» **INPUT DATA**

'''

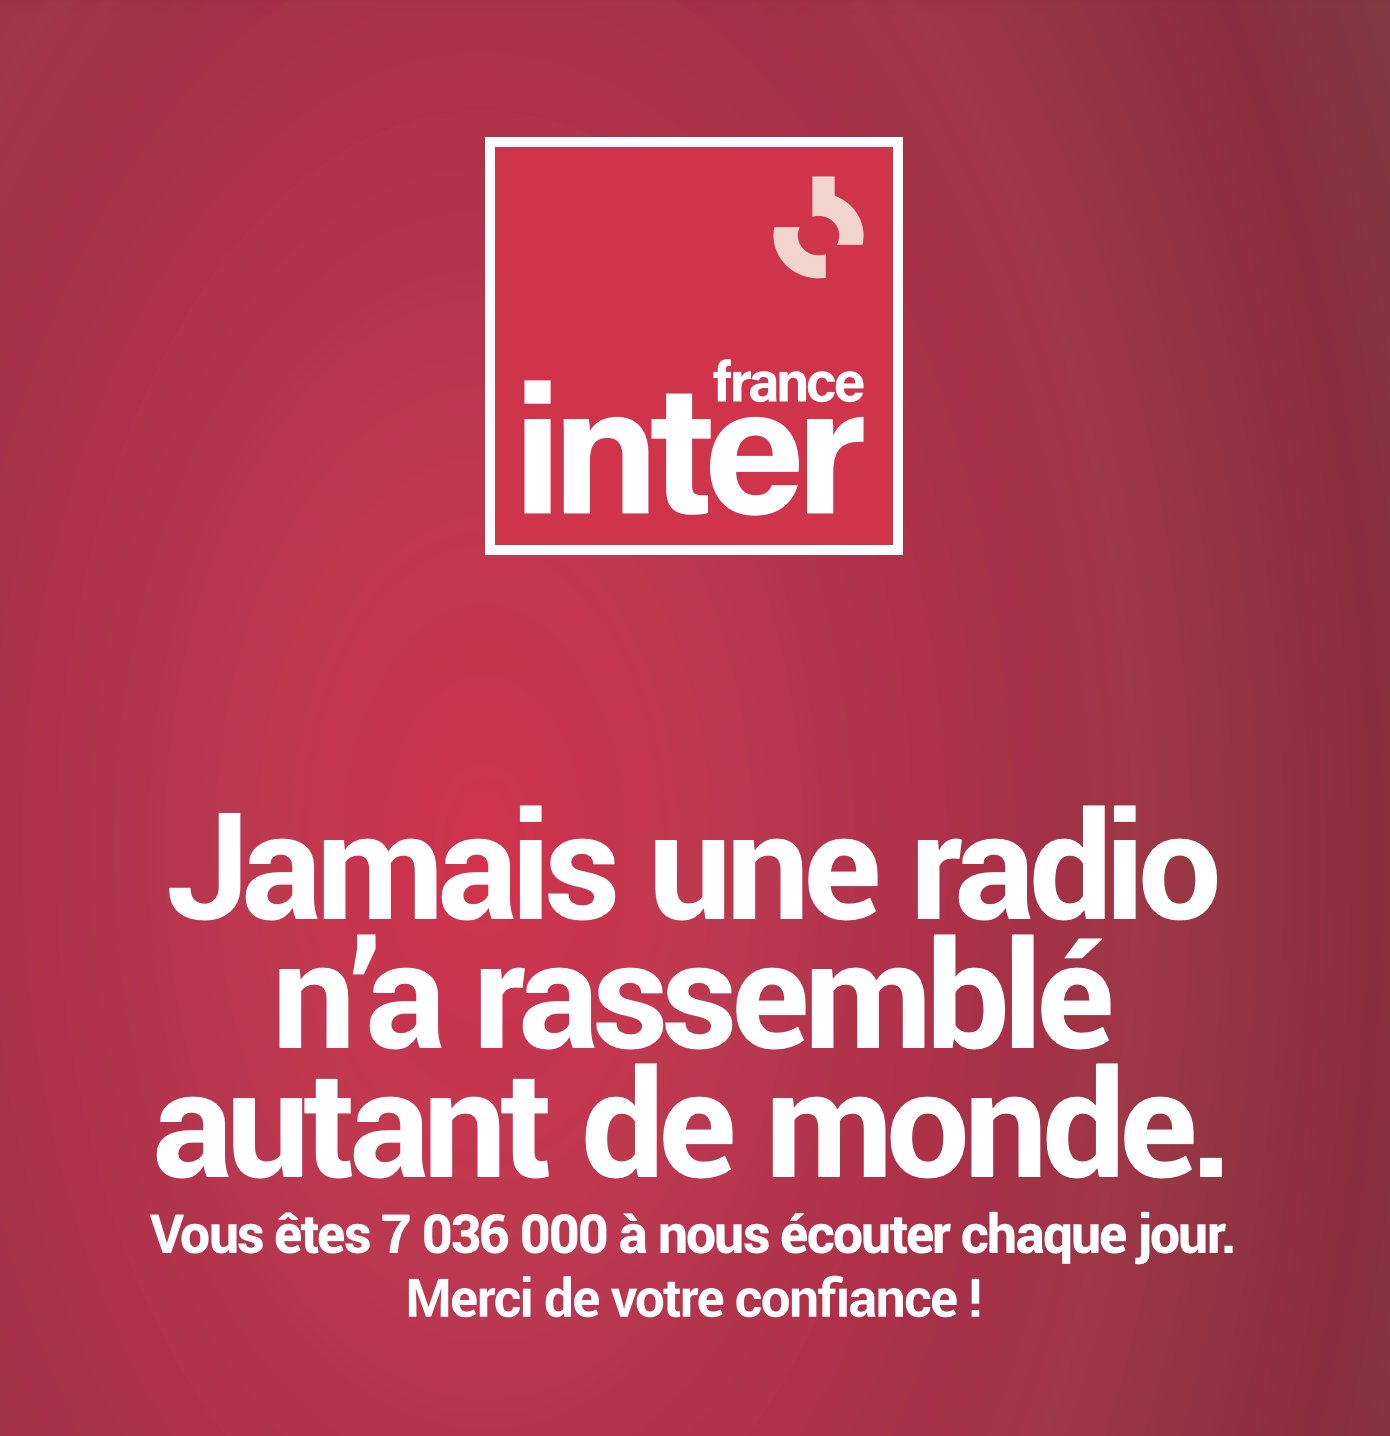 radio - audience radio - France Inter  -
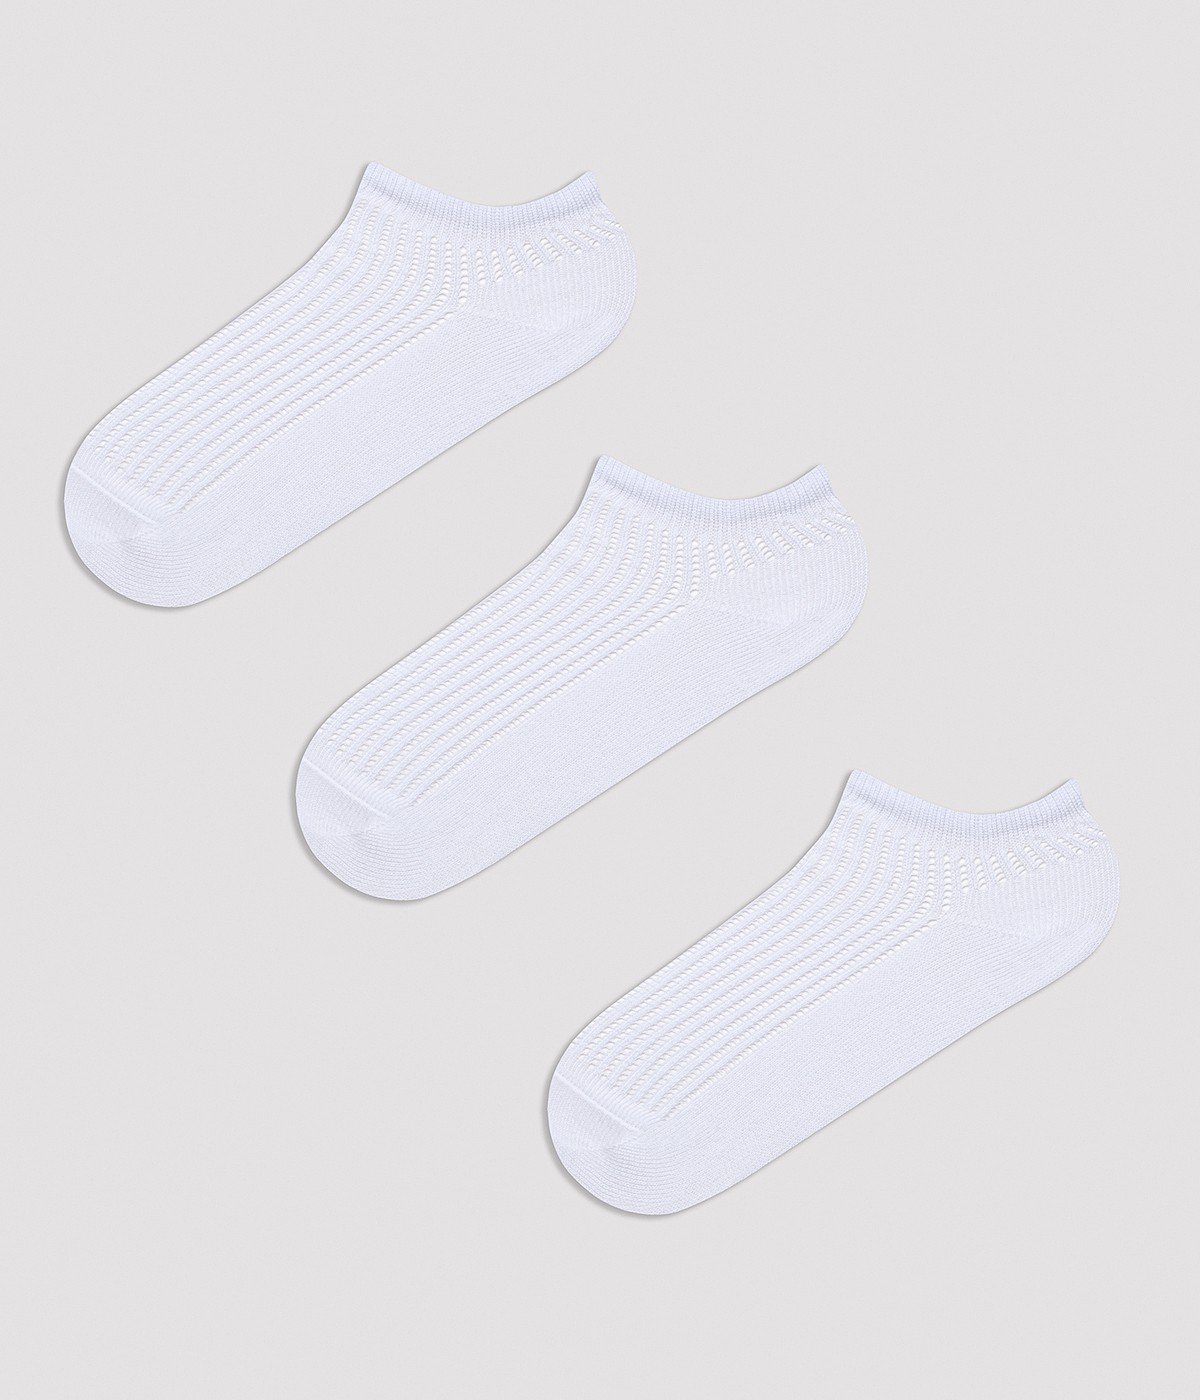 Basic Colosio 3in1 Liner Socks
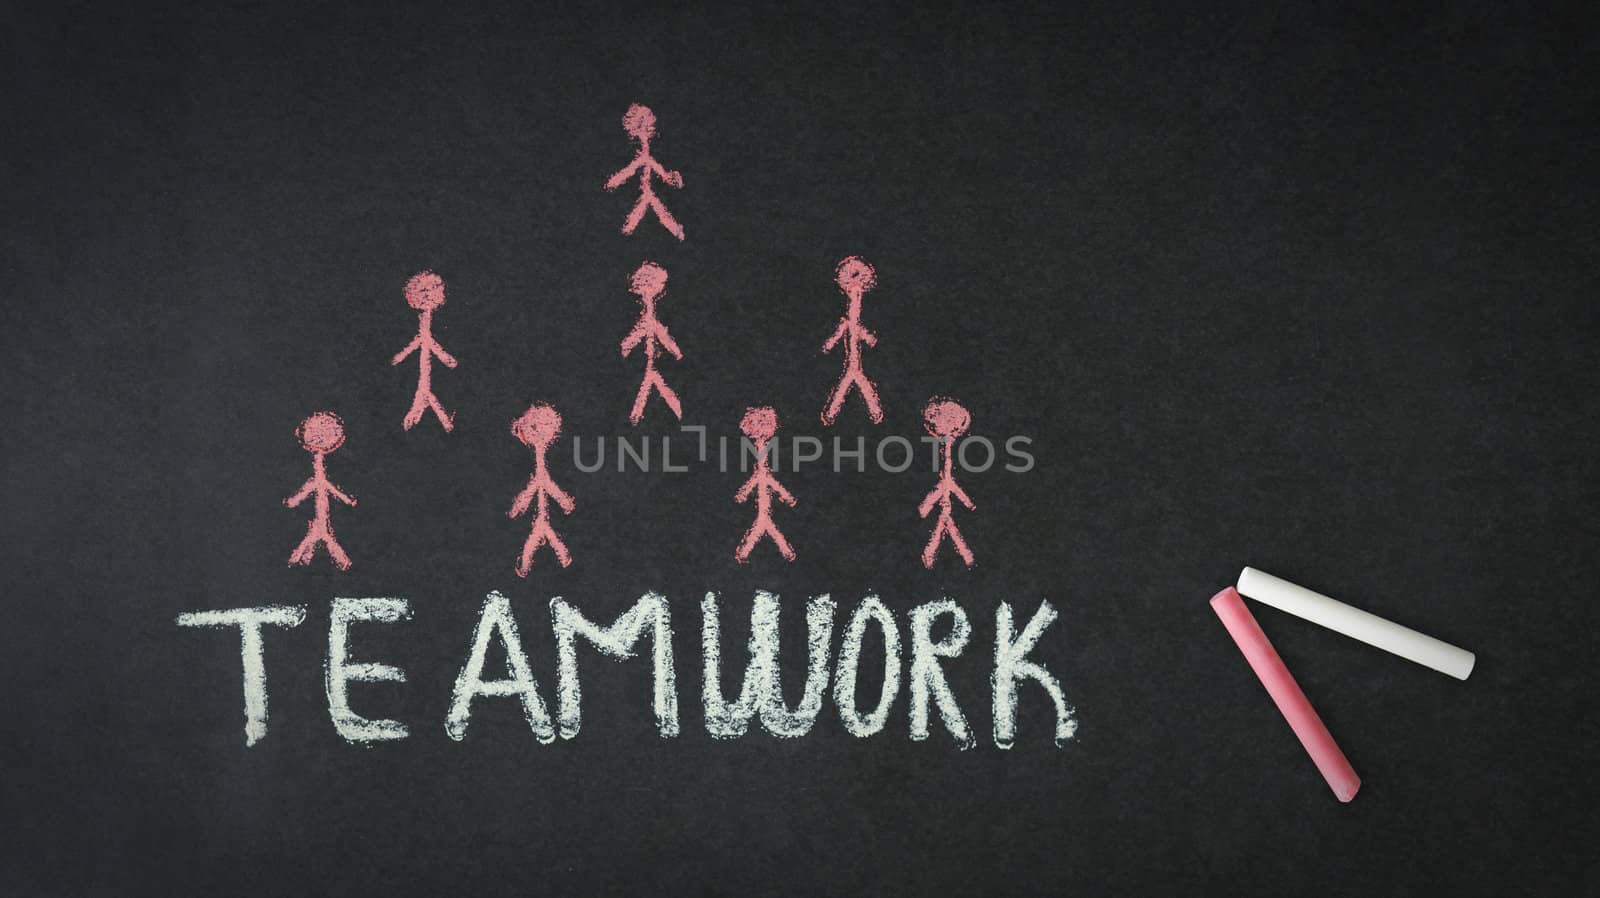 Teamwork Illustration with stick people.

'''

» **WORK TO BE COMPLETED**
Reproduce the listing verbatim, pictures excluded.

» **THE ANSWER**
 radio - audience radio - France Inter  -
 Basic Colosio 3in1 Liner Socks
 Teamwork Illustration with stick people.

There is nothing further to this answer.